JUPITER appears, in his own character, above.

Be of good cheer, Amphitryon; I am come to thy aid: thou hast nothing to fear; all diviners and soothsayers let alone. What is to be, and what has past, I will tell thee; and so much better than they can, inasmuch as I am Jupiter. First of all, I have made loan of the person of Alcmena, and have caused her to be pregnant with a son. Thou, too, didst cause her to be pregnant, when thou didst set out upon the expedition; at one birth has she brought forth the two together. One of these, the one that is sprung from my parentage, shall bless thee1 with deathless glory by his deeds. Do thou return with Alcmena to your former affection; she merits not that thou shouldst impute it to her as her blame; by my power has she been compelled thus to act. I now return to the heavens. He ascends.

I'll do as thou dost command me; and I entreat thee to keep thy promises. I'll go in-doors to my wife. I dismiss the aged Tiresias from my thoughts.

Spectators, now, for the sake of supreme Jove2, give loud applause.

1 Shall bless thee: "Te adficiet." "Se," "himself," is thought by some to be the correct reading here, as it has been remarked, how could the exploits of Hercules redound to the glory of Amphitryon?

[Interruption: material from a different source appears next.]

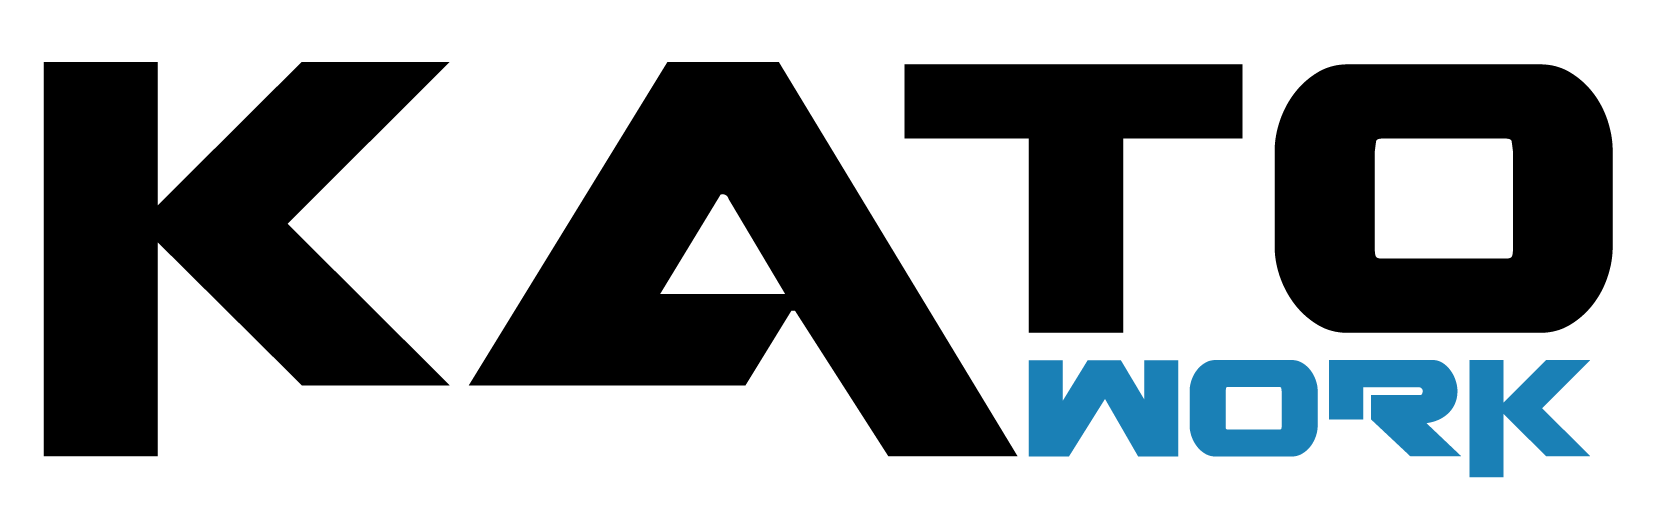 Katowork-logo-large
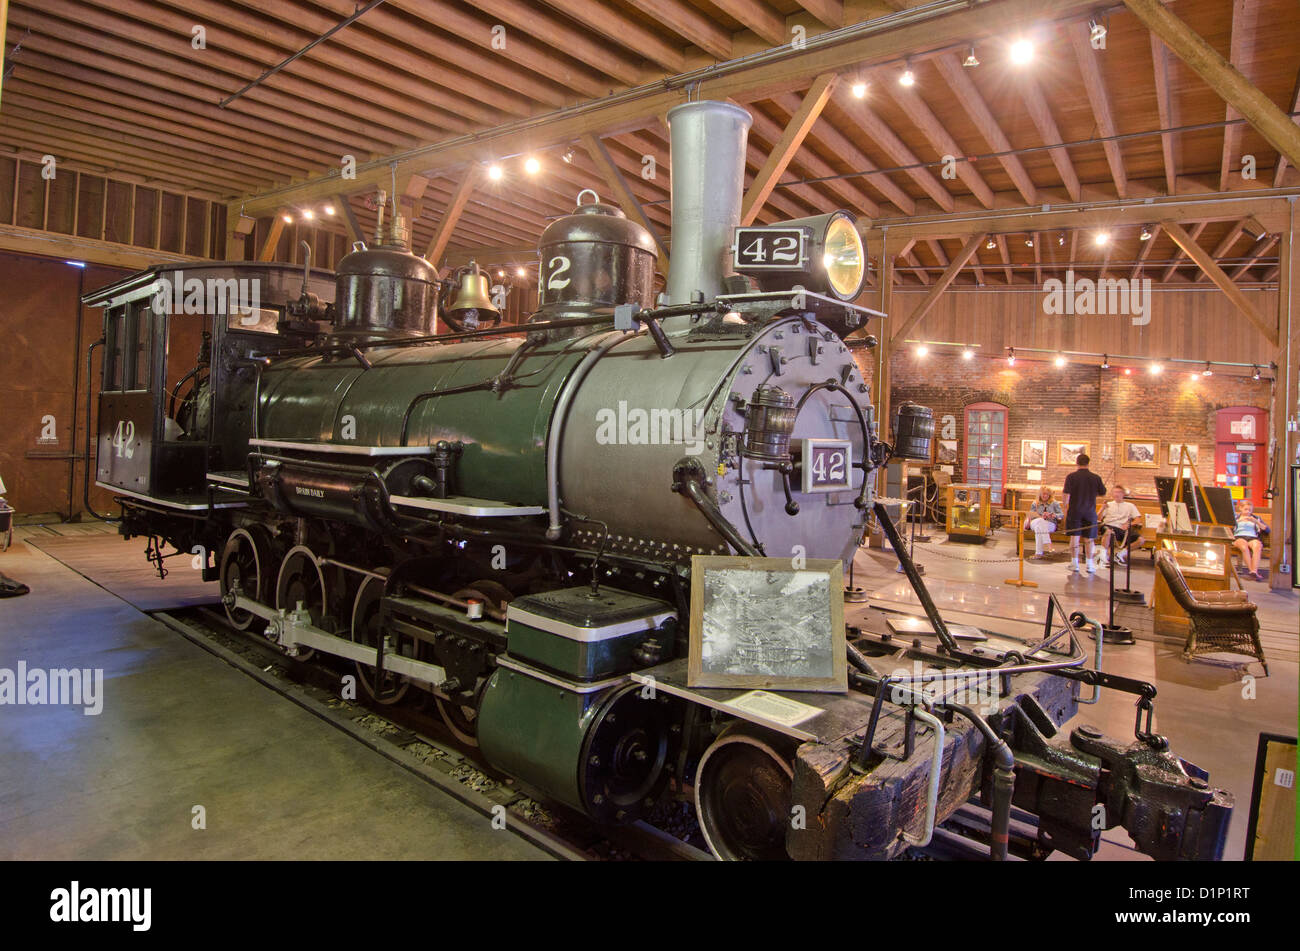 Colorado Durango historique avec son célèbre musée du chemin de fer et des trains Banque D'Images

Still, as his adoptive father, it was not unlikely that he would take a peculiar interest in the achievements of Hercules.

2 Sake of supreme Jove: According to some Commentators, the Romans believed that this Play greatly redounded to the honor of Jupiter; and it was, consequently, often acted in times of public trouble and calamity, with the view of appeasing his anger. They must have had singular notions of honor, as his Godship figures here in the combined characters of an insolent impostor and an unprincipled debauchee.